Will OpenAI release the same for other government officials from any other states?

I can't wait to see Starmer's chats with ChatGPT.

Anyway, all of this smells like 1934, "accusing them of what we are already doing"

> “This is what Chinese modern transnational repression looks like,” Ben Nimmo, principal investigator at OpenAI, told reporters ahead of the report’s release. “It’s not just digital. It’s not just about trolling. It’s industrialized. [...]

There's something poetic about OpenAI being asked to comment on mis-use of their slop generator, and their answer is composed entirely of AI slop.

  • The more of it they and others put out, the more normalized and acceptable it becomes. The next generations will even think in slop.

China has hundreds of Fortune Global 500 companies and ranks second in GDP. But these have nothing to do with ordinary people.

Crazy to me that Chinese officials use ChatGPT to discuss sensitive operations lmao

lol everyone claims deepseek and all chinese companies are collecting private information and ban them in western companies. but it is okay being spied by openai :)))

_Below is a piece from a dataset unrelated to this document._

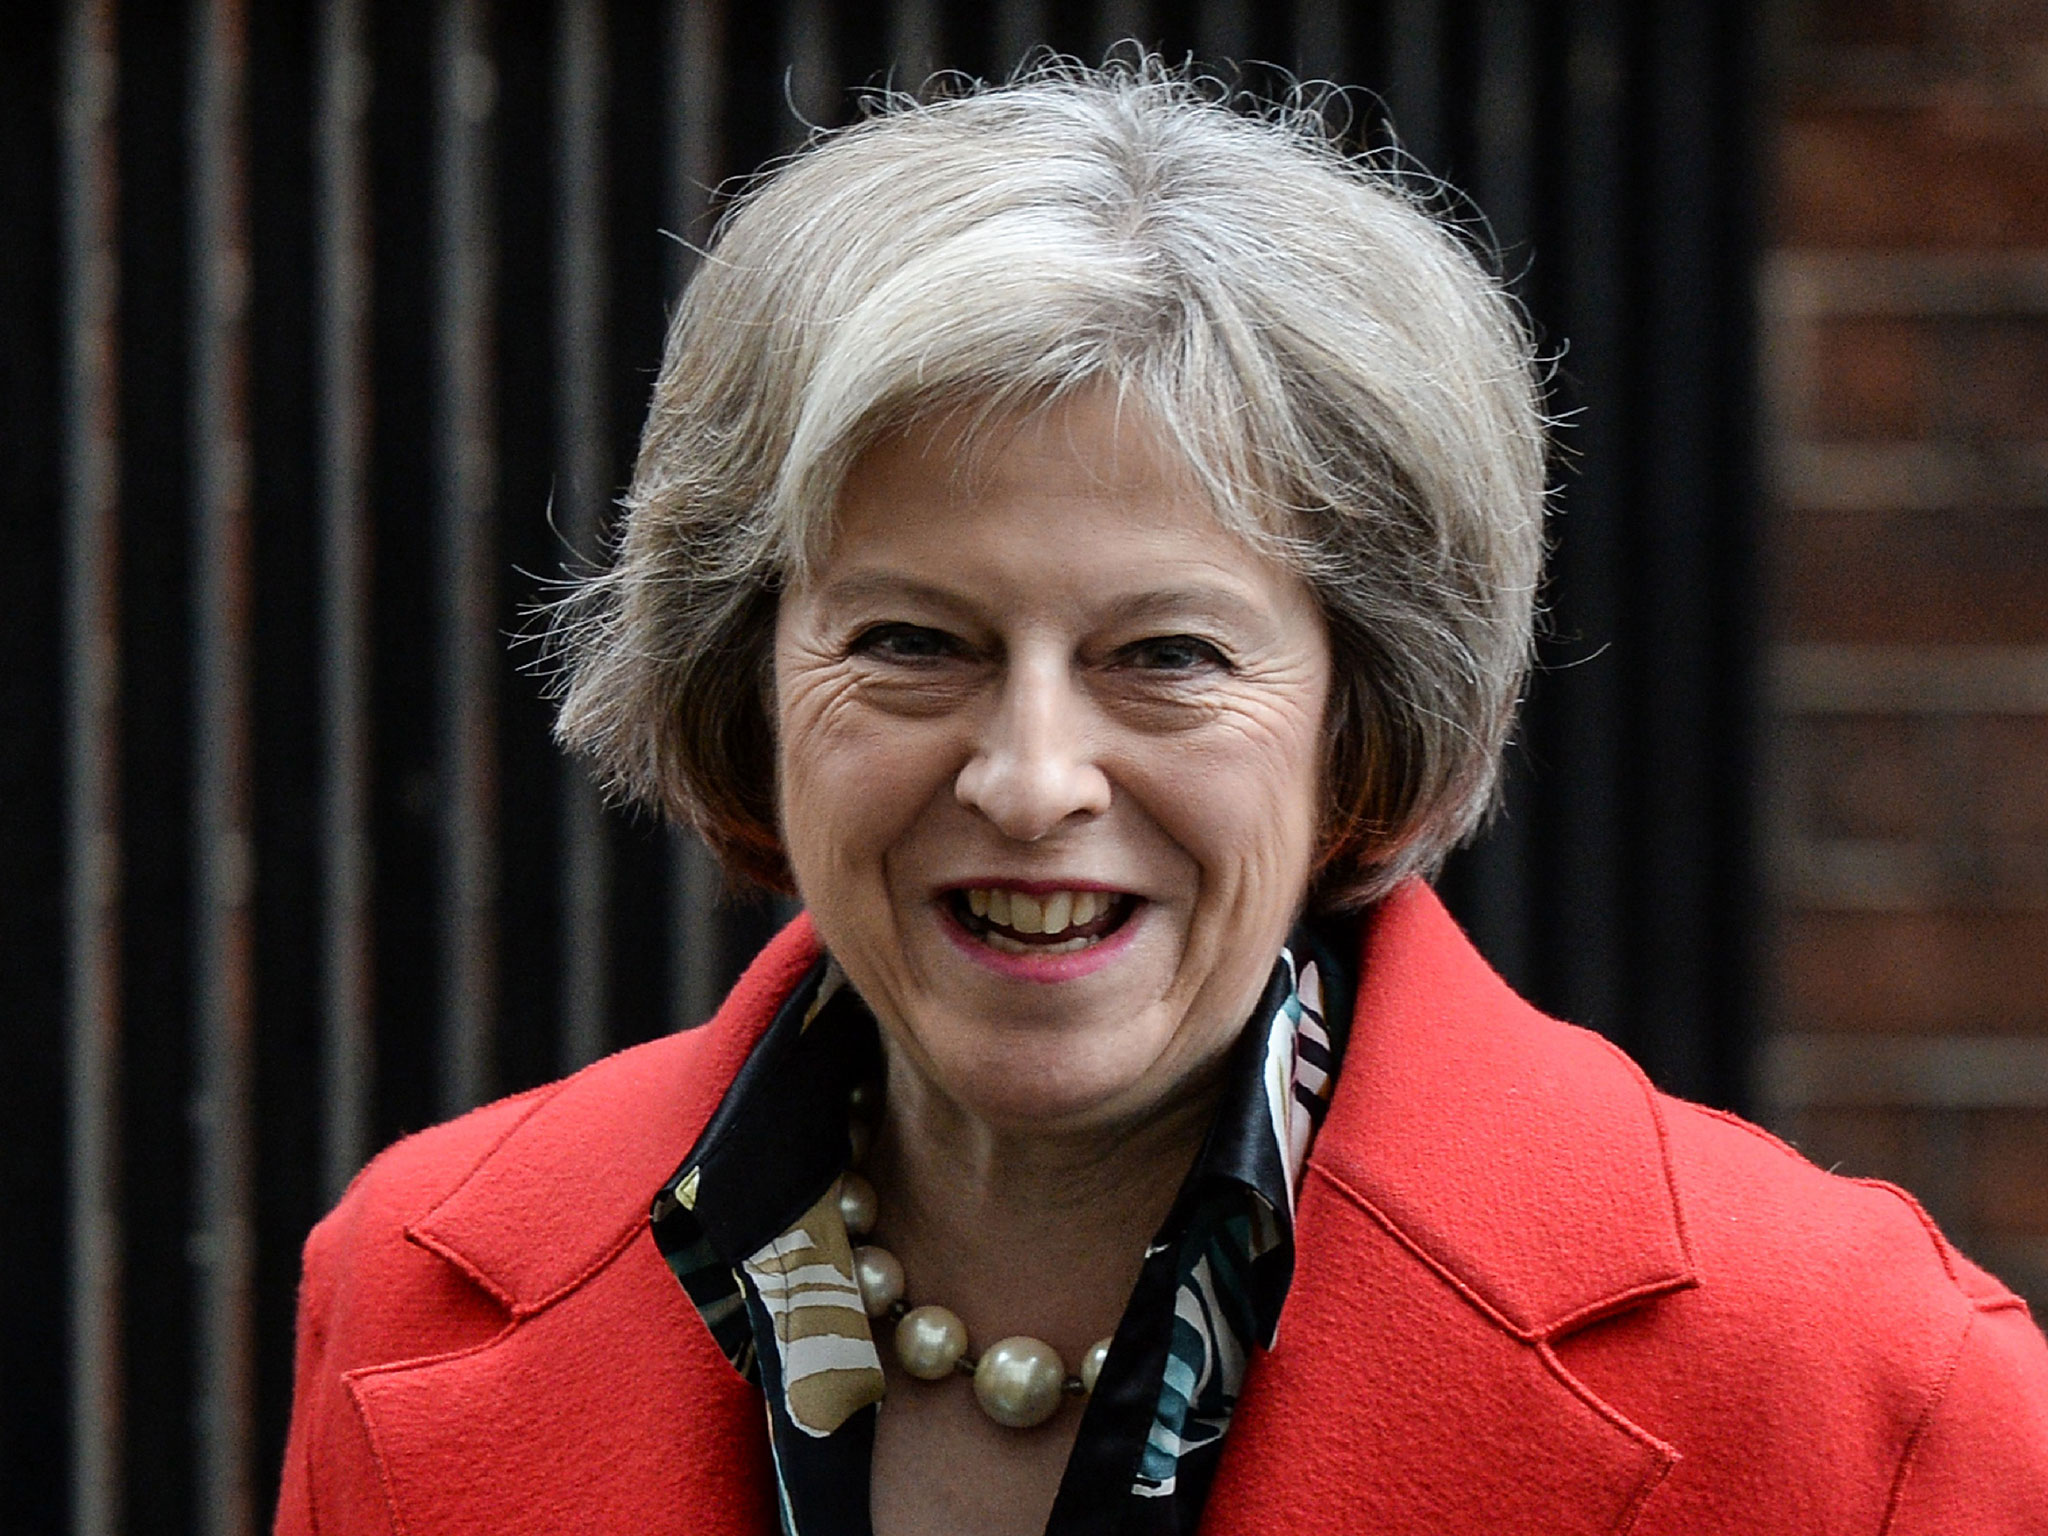 Royaume-Uni: Theresa May va demander à la reine de pouvoir former un gouvernement (BBC)

  • I like DeepSeek because of their pricing, although I'm still evaluating. I wonder if I'll need a VPN in the future to access it though (from EU). Cheap is good, cheap prevails.

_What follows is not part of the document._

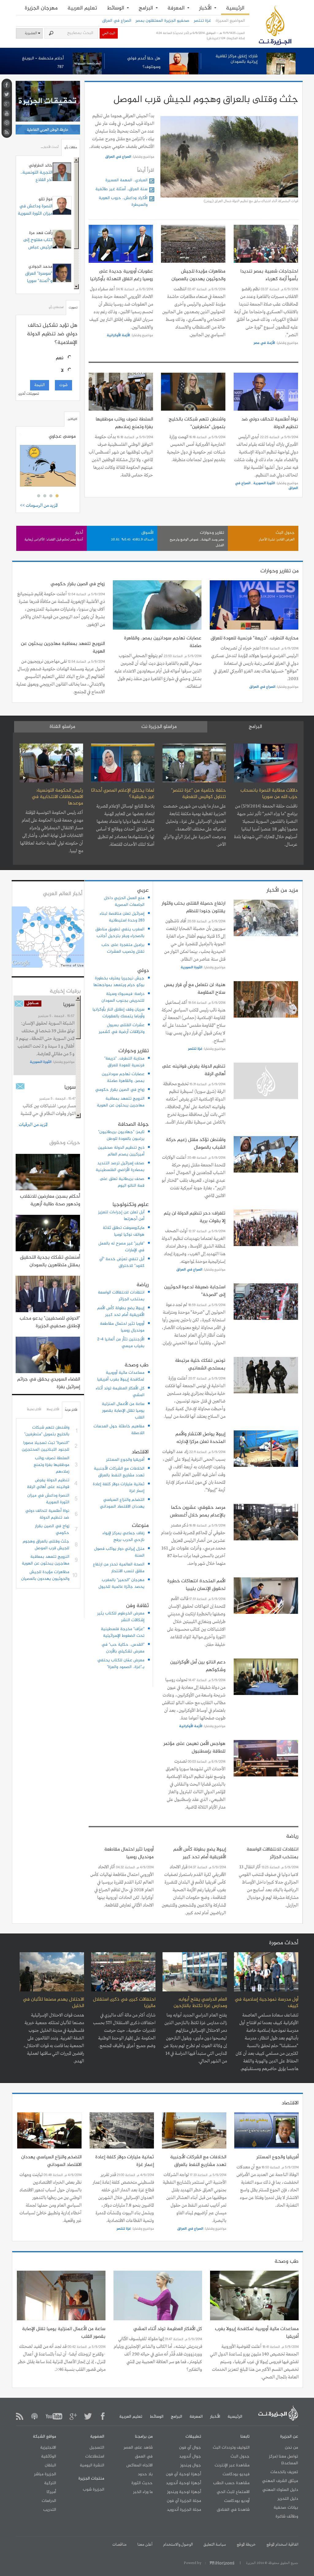 Al Jazeera at Saturday Sept. 6, 2014, 2:12 a.m. UTC

    The official DeepSeek API is routed through AWS load balancing btw.

I'm assuming they would not disclose such campaigns by the US government.

I can't imagine the amount of government secrets, trade secrets, business plans, personal secrets, etc that people divulge on there.

> intimidating Chinese dissidents abroad, including by impersonating US immigration officials

I hope those victims of immigration impersonation don't have family within China's borders. AI-enabled impersonation and intimidation are far from the worst of China's crimes [1] against its overseas critics.

China likes to make you an offer you can't refuse [2] [3]: You're saying stuff the Chinese government doesn't like, but you live outside its borders and the secret police can't get at you? You need to come to China and be jailed (or worse). If you don't, your family will be the ones who are jailed (or worse). Or you can unalive yourself, and save the glorious Chinese Communist Party the expense of a bullet.

[1] China would say "the government punishes a criminal's family" is not a crime, it's a perfectly legal implementation of government policy under Chinese law. I respond that the death camps were perfectly legal implementation of government policy under Nazi law, but were still crimes against humanity -- China's actions fall in this category of crimes.

As I understand it: Western societies have a very individualistic view of responsibility. If you didn't commit a crime, you're innocent. Punishing the innocent family members of a criminal is morally abominable.

In the Chinese Communist Party's view, criminal responsibility is collectivist. By their definition, the family members of a criminal share responsibility for the crime regardless of their participation in the criminal acts. "Innocent family members of a criminal" is a logically inconsistent concept in their world view. The family of a criminal is guilty by definition -- being related to a criminal is itself a crime.

This is sickening to me.

[2] https://en.wikipedia.org/wiki/Operation_Fox_Hunt

[3] https://www.abc.net.au/news/2020-07-08/fbi-chief-says-china-...

i kinda get the impression this was from 2023 and also it is not clear what this dissident did, hard to evaluate whether i should care without knowing that

Holy dystopian f*k. So not only does ChatGPT record all interactions, it actually leaks them to the press when they see fit?

If you still needed a reason to look into self hosted models, it'd be tough to find a better one than this.

> “It’s not just digital. It’s not just about trolling. It’s industrialized. It’s about trying to hit critics of the CCP [Chinese Communist Party] with everything, everywhere, all at once.”